From the line containing "The energy savings" to the last line of the listing, both included, copy every line exactly and drop the pictures.

**Supplied material:**
-=-=-=-=-

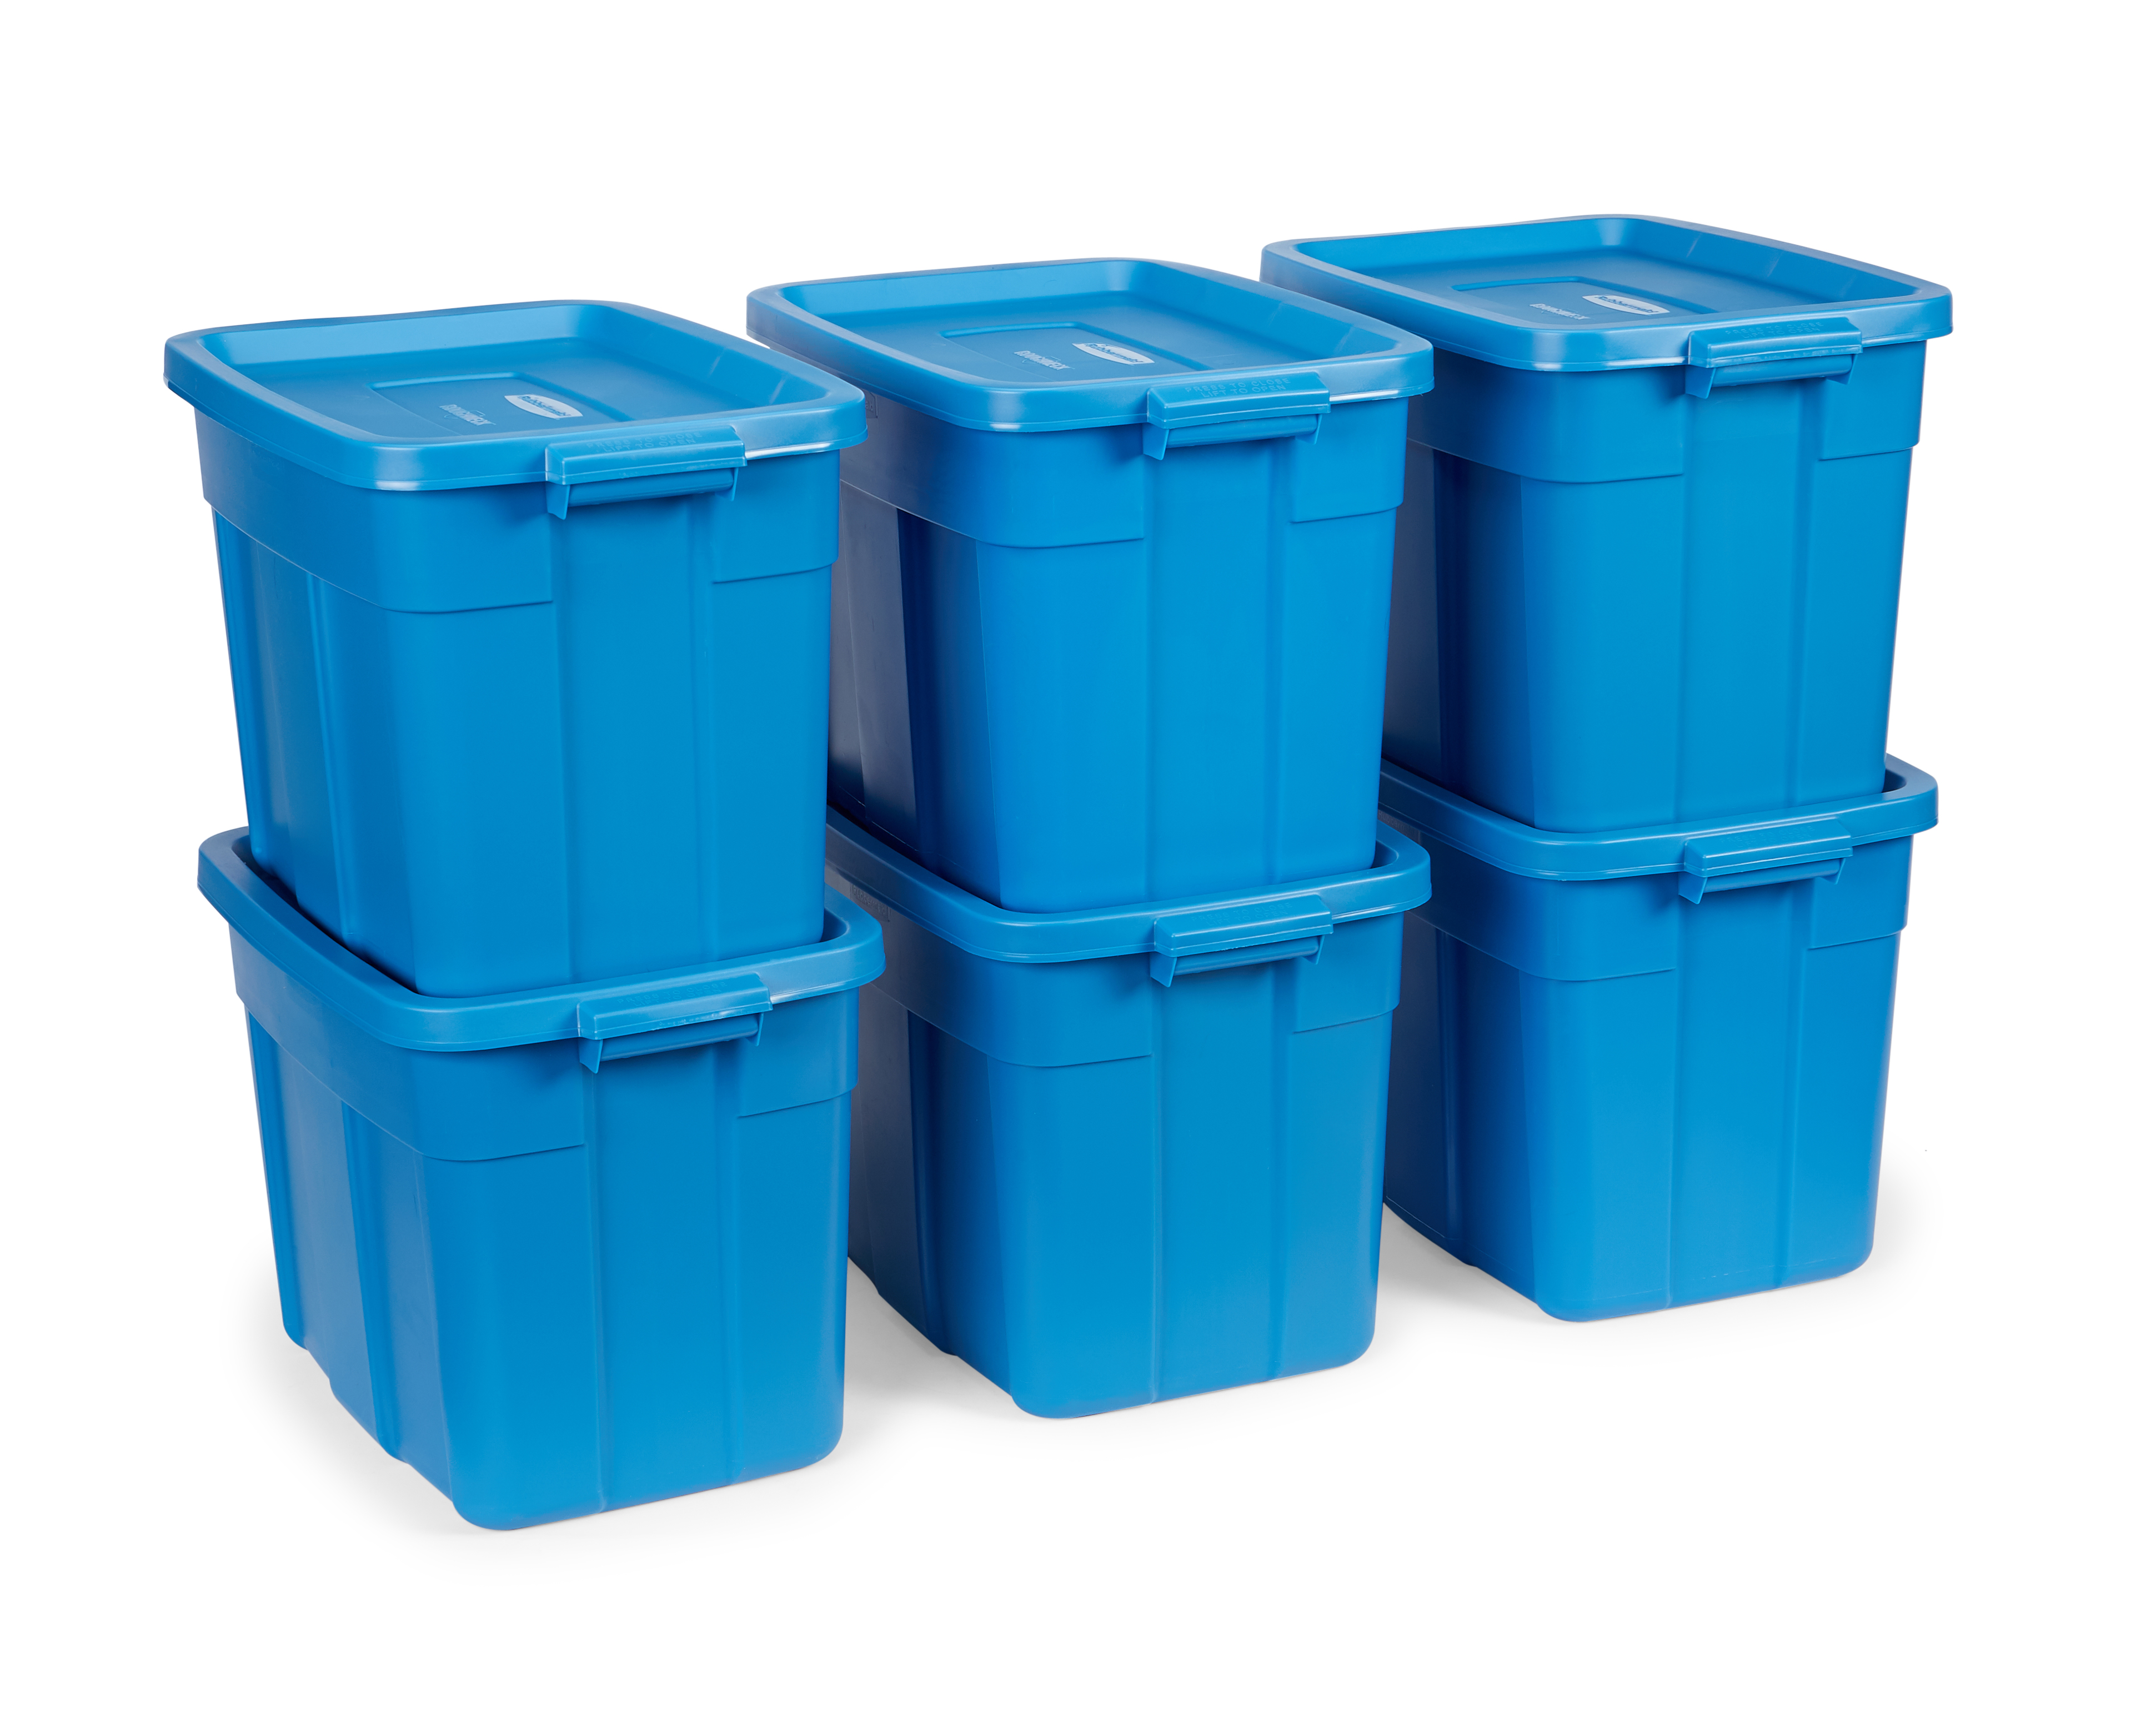 Rubbermaid Roughneck Tote 18 Gal Storage Container, Heritage Blue (6 Pack) - image 1 of 5
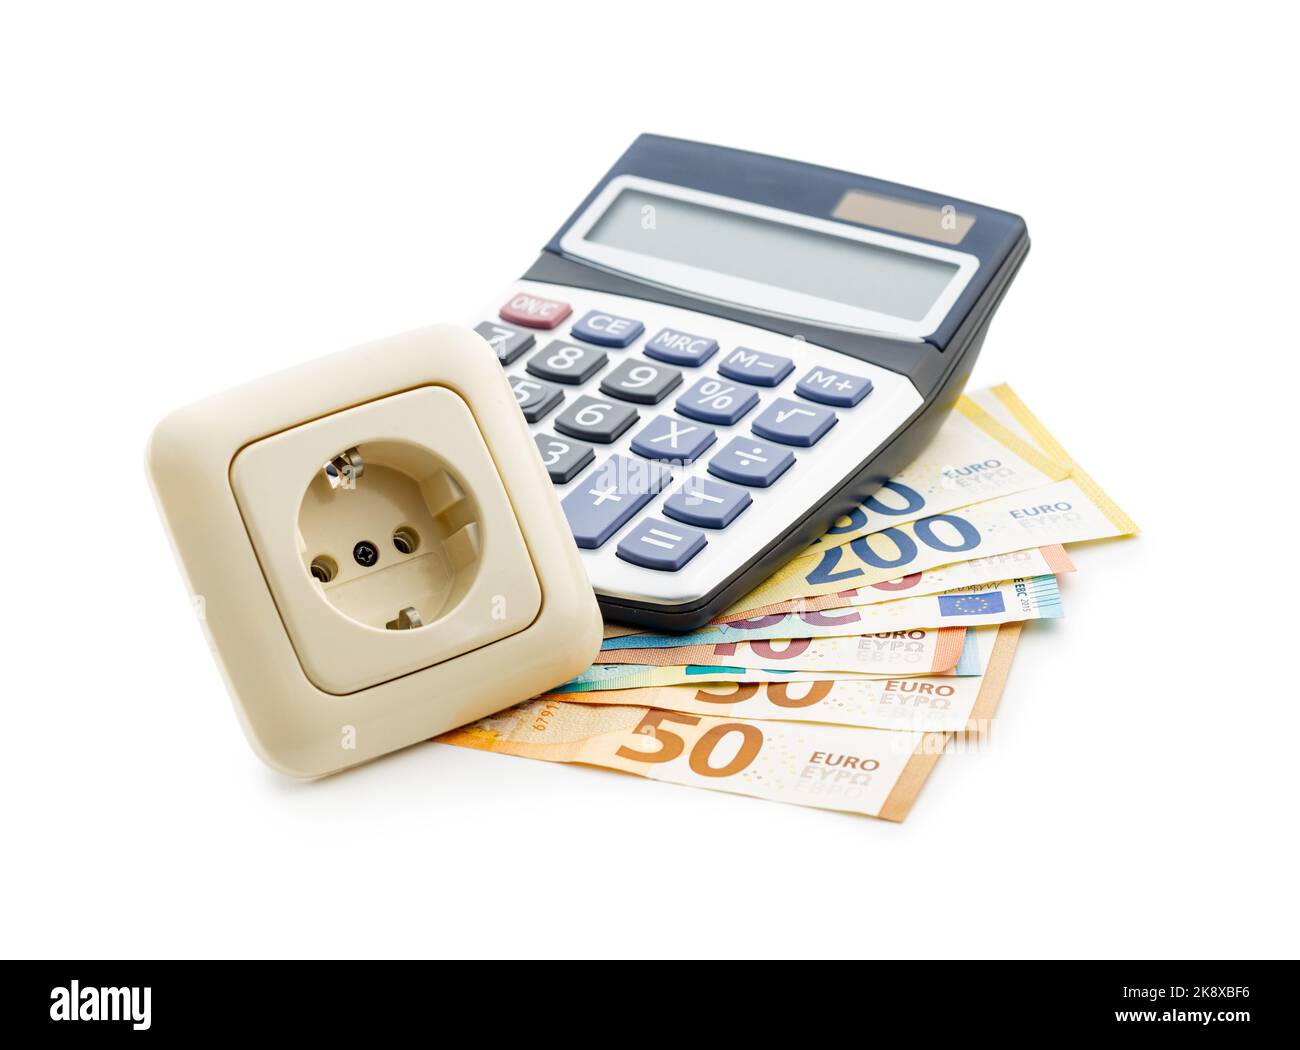 The energy savings concept with electric power socket, calculator and euro money isolated on the white background. Stock Photo
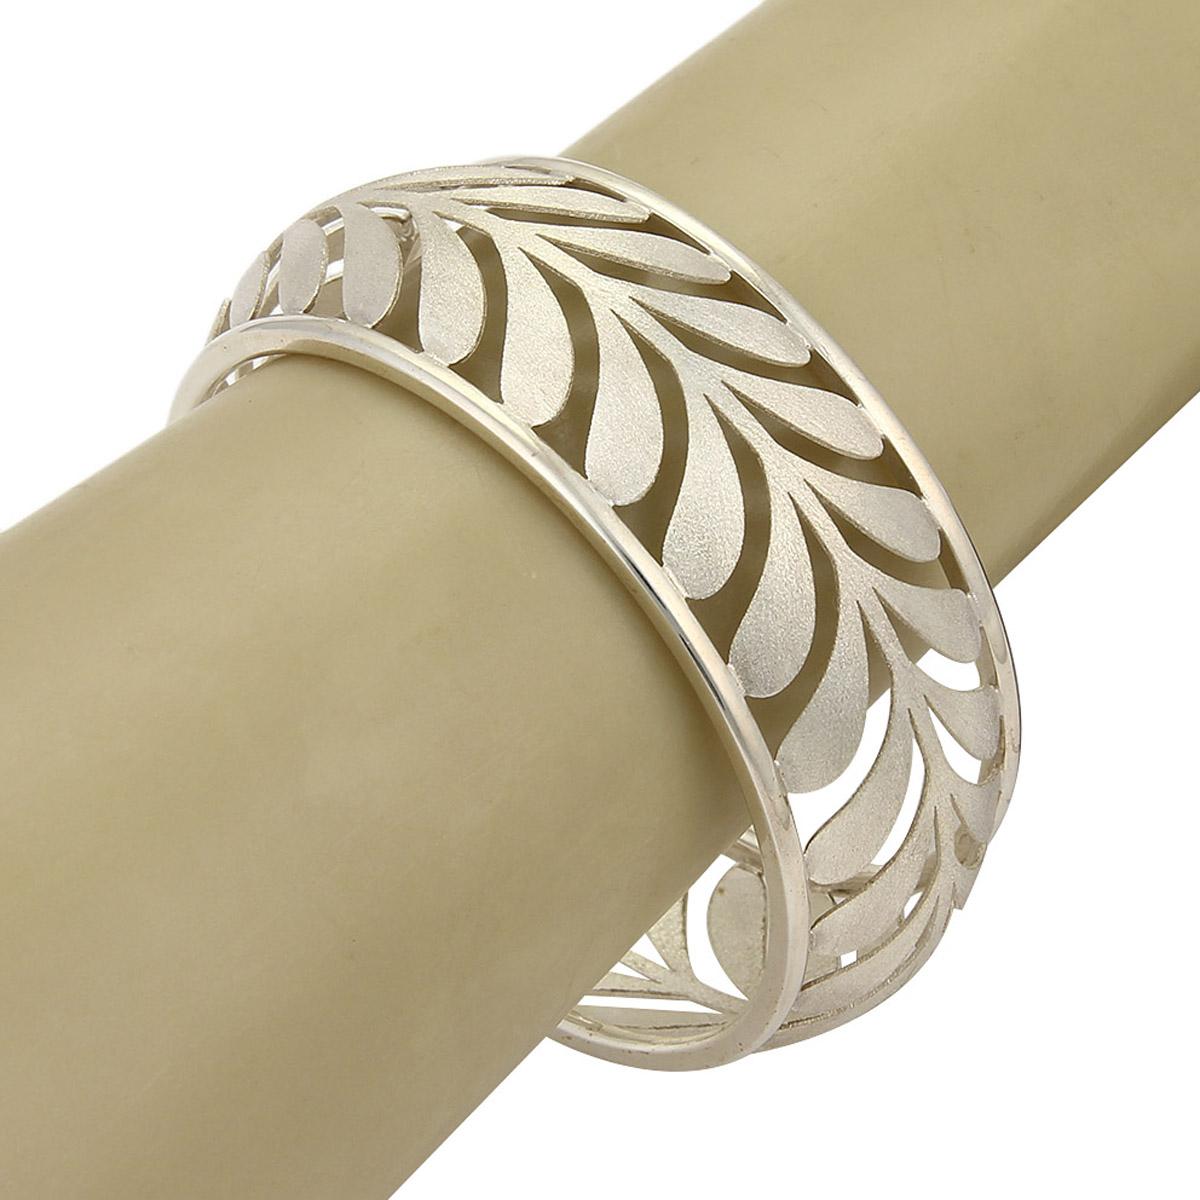 This is a gorgeous authentic wide bangle from Tiffany & Co. by designer Paloma Picasso from her Paloma Villa Palm Collection. It is crafted from sterling silver in a polished and textured finish. The bangle features a wide dome shape with fine grain

-=-=-=-=-

**Your solution:**
 The energy savings concept with electric power socket, calculator and euro money isolated on the white background. Stock Photo
 This is a gorgeous authentic wide bangle from Tiffany & Co. by designer Paloma Picasso from her Paloma Villa Palm Collection. It is crafted from sterling silver in a polished and textured finish. The bangle features a wide dome shape with fine grain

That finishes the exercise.